The Chabad Bukharian Center (CBC) is planning to host a celebration at its building on N. Sixth Place in Phoenix sometime in the next few months. The CBC is the new iteration of what had been the Bukharian Jewish Congress of Arizona, which closed its doors in 2021.

Nisan Zadikov, who founded the original Bukharian synagogue in 2005, will attend the opening celebration with his wife, Revital. They moved to California in 2020 but want to return to celebrate with members of their former community.

The reopening of the synagogue is thanks to the partnership of Ohr Avner Foundation, a philanthropic entity of Israeli billionaire and émigré from the former Soviet Union, Lev Leviev, and Chabad of Arizona. Both organizations stepped in to purchase the Phoenix property and renew the Bukharian community that had belonged to the Bukharian Jewish Congress for more than a decade.

Rabbi Emanuel Shimonov is the center’s new spiritual leader. Originally from Calgary, Canada, Shimonov has studied all over the globe, and he led services for the community during the recent High Holidays.

“This Chabad center is here to help the Bukharian youth,” Shimonov told Jewish News.

The center is now hosting programs for young adults every Wednesday and plans to start a weekly program for teens.
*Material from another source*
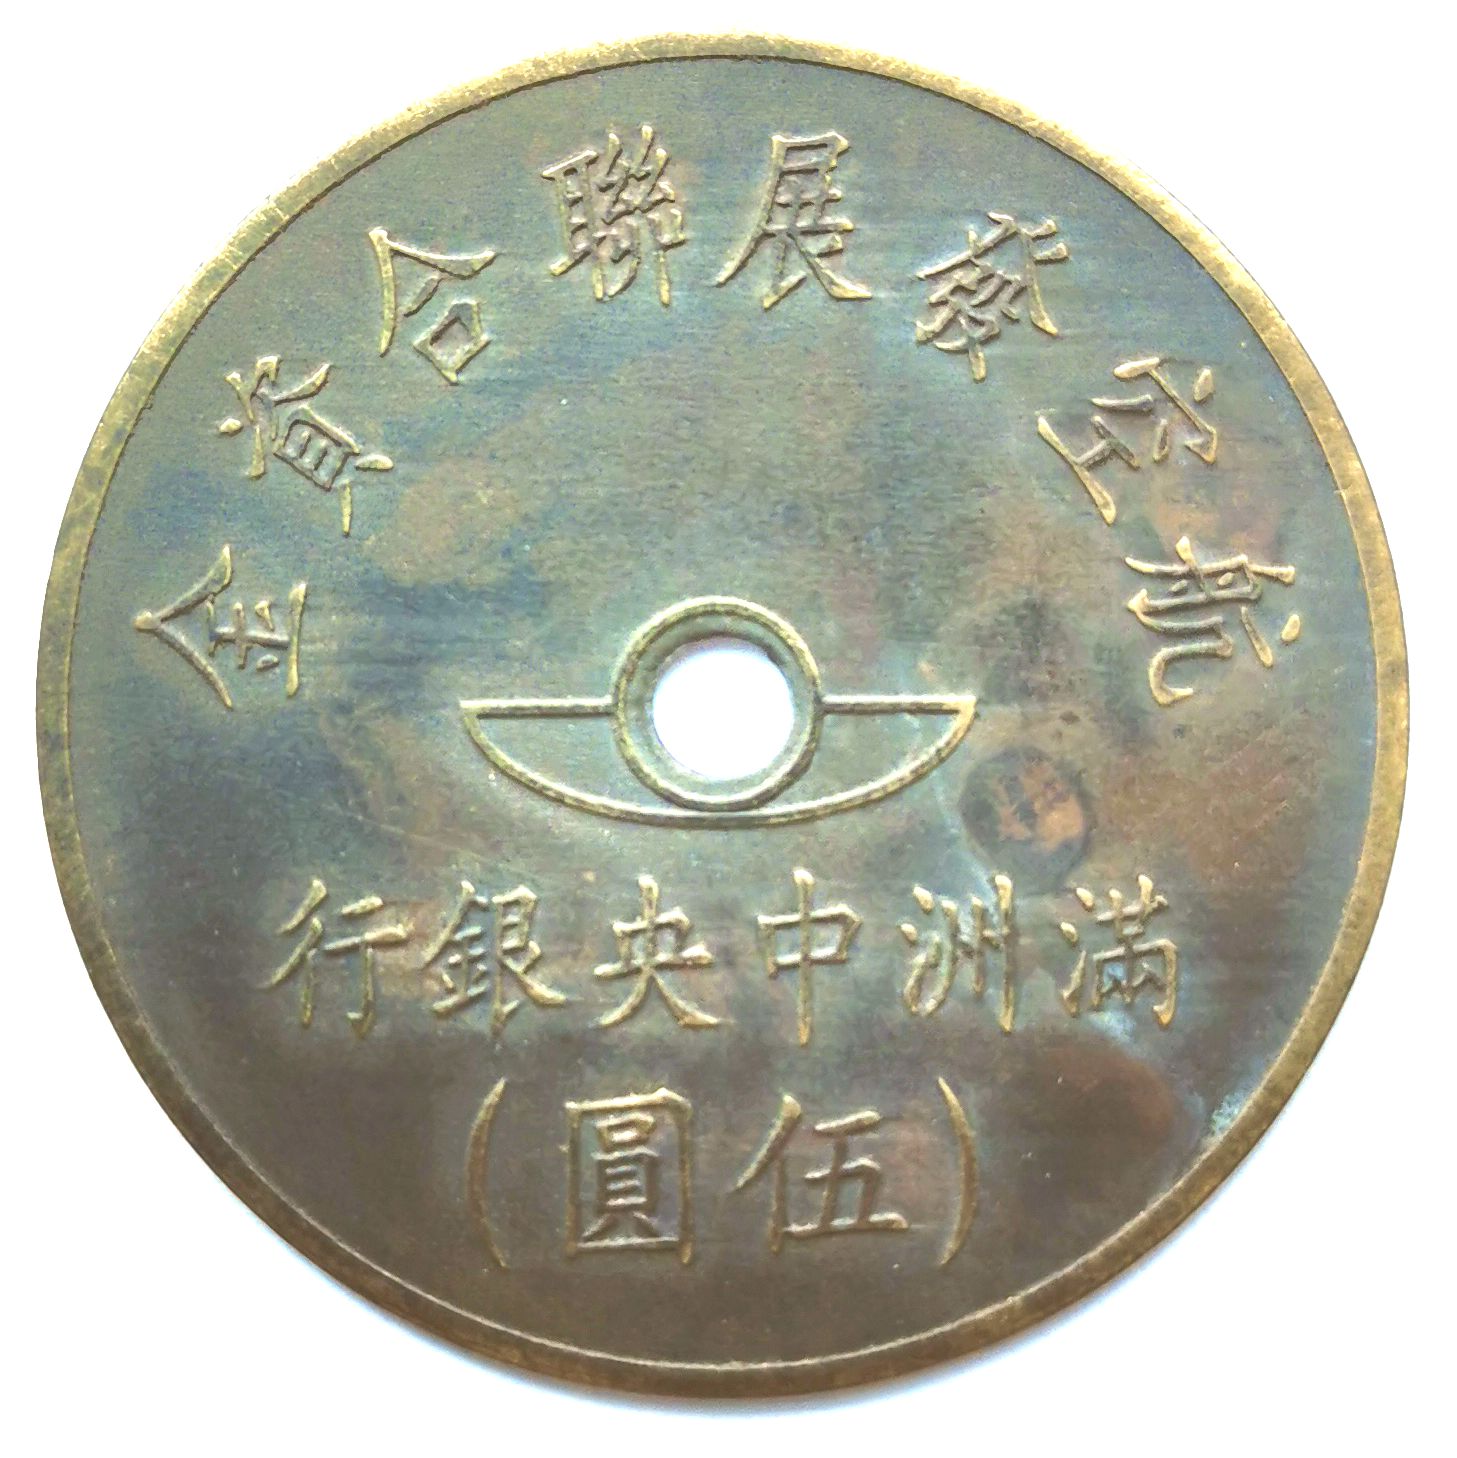 BT504, Manchukuo United Aviation Development Fund, 5 Yen Token, 1945

“Our goal is to work with the younger generation of Bukharians,” Shimonov said.

“I am really happy that this is happening,” Zadikov said. “We already spoke with people who left and are now coming back.”

In the early 1990s, a few Jewish Bukharian families moved to Phoenix from New York in search of affordable housing and a warmer climate. Today, Phoenix has the largest Bukharian Jewish community in North America outside of New York.

In 1989, just before the dissolution of the Soviet Union, the majority of the world’s Bukharian Jews — around 50,000 — lived in Uzbekistan and Tajikistan.

After the collapse of the Soviet Union, the majority of Bukharian Jews immigrated en masse to the United States and Israel. Today, less than 200 Bukharian Jews remain in the region and the three largest Bukharian Jewish communities in the world are in Israel, New York and Phoenix, according to cultural anthropologist Alanna Cooper, Ph.D., the Abba Hillel Silver Chair in Jewish Studies at Case Western Reserve University in Cleveland and author of “Bukharan Jews and the Dynamics of Global Judaism.”